Redoing any game is never simple (just ask Ubisoft). Even a seemingly simple task like modernizing a game’s art for more powerful modern systems involves making difficult decisions about how to use the additional graphical power. Are you going in a more photorealistic direction or are you keeping aspects of the simplified style of the original game?
And that’s before we get into the specific weirdness of snake eater, a title that is full of mechanics that I would call “clumsy but endearing”. I distinctly remember constantly jumping into menus to change my camouflage outfit as I painstakingly crawled through its levels, endlessly changing my clothes to better blend in with whatever surface I wriggled across. Yes, it was arguably annoying and complicated, but it’s also one of my key memories of the game. Same with the way he asked you to dive into his menus to manually heal certain injuries. Possibly clumsy, but also an essential part of the snake eater experience.
Then, there’s that ladder. That non-stop, impossible-to-jump marathon of over a minute climbing. writing for Polygon in 2018, Allegra Frank called the staircase “more intermission than interruption.”
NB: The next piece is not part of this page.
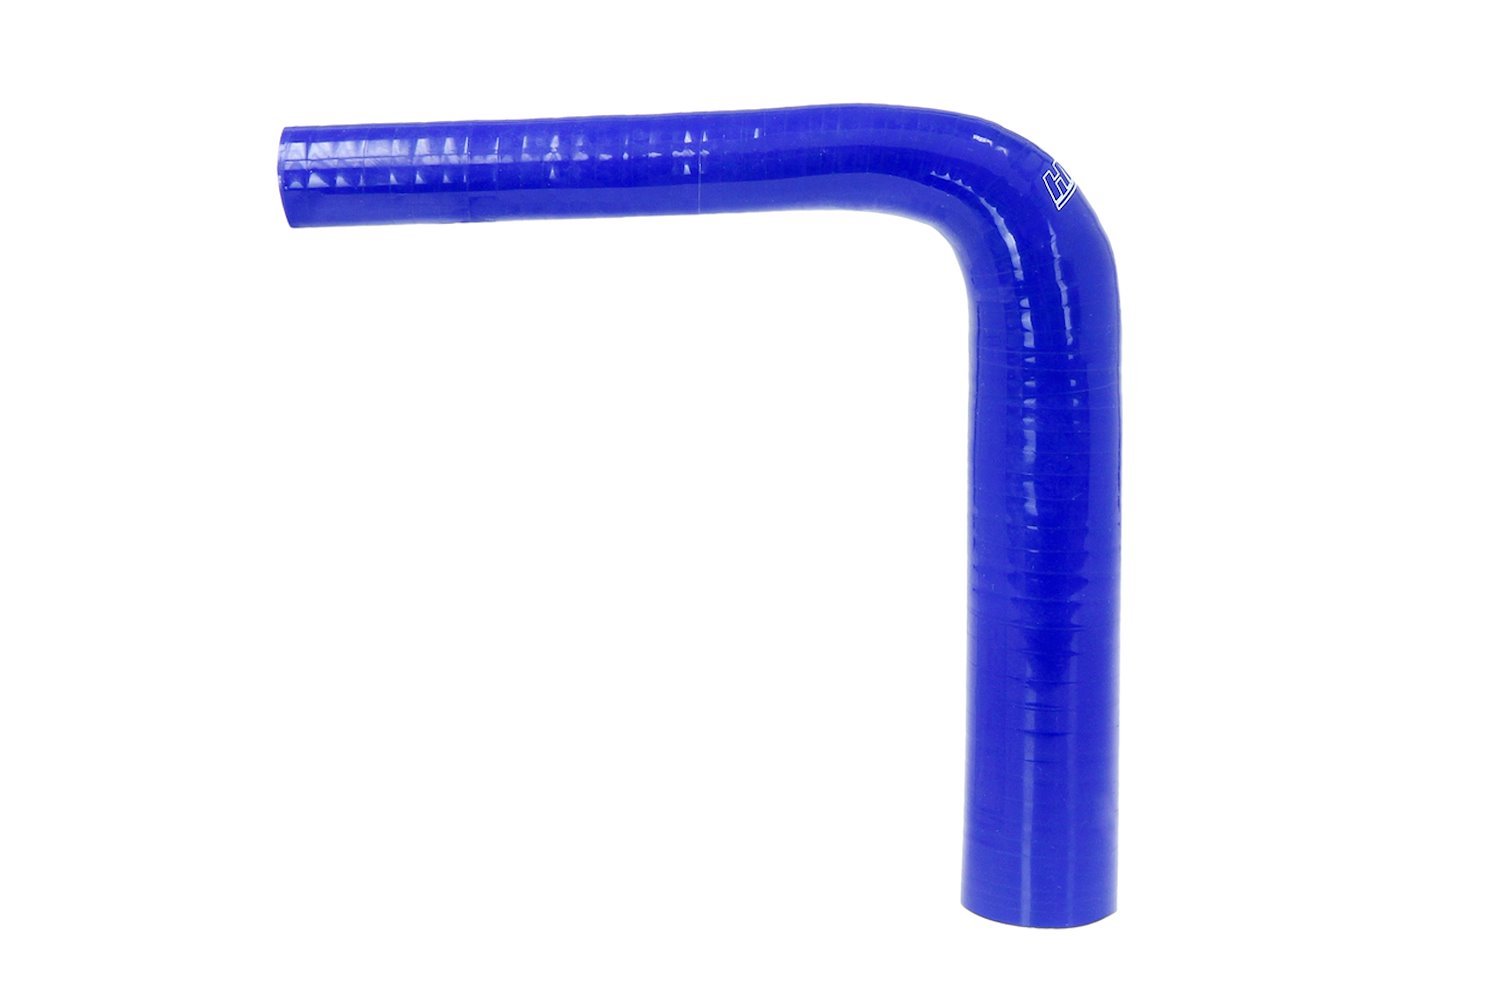 HTSER90-062-100-BLUE Silicone 90-Degree Elbow Hose, High-Temp 4-Ply Reinforced, 5/8 in. - 1 in. ID, Blue

“solid metal gear It’s always been about mind games, but getting into a tube with nowhere to go but up, or down, hijacks the battlefield inside our own heads,” Frank wrote. “Anxiety mounts when we consider what we’ve already seen, the bosses we’ve taken down, the levels we’ve crawled (or shot wildly) through.” So help me, God, if the remake’s ladder takes less than a minute and 47 seconds to climb, I’ll riot.
No remake can please everyone. There will always be people who see the bugs and rough edges of an original game as essential parts of the experience that it would be sacrilege to remove. It is also legitimate to want a new version to go in the opposite direction: make bigger changes and create its own identity that can be differentiated from the original game. And lest we forget, a lot of people who play Delta will not have touched the original snake eater and I just want to play a game that is accessible to a modern audience. Konami will have to thread a nearly impossible needle, and apparently will have to do it without input from an author who oversaw the series for the better part of 30 years.
So I take comfort in the fact that Delta it will not be the only way to experiment snake eater on modern platforms. When the new version (eventually) launches, it will sit alongside a port of the original game that the company will release on modern platforms later this year as the Metal Gear Solid Master Collection. The implication is that Delta is an alternative, not a replacement, for Kojima’s classic game. That’s more than can be said for other remakes.
In theory at least, regardless of how Konami’s attempt to remake one of their best games goes, we’ll still have the original game to enjoy. With all its flaws.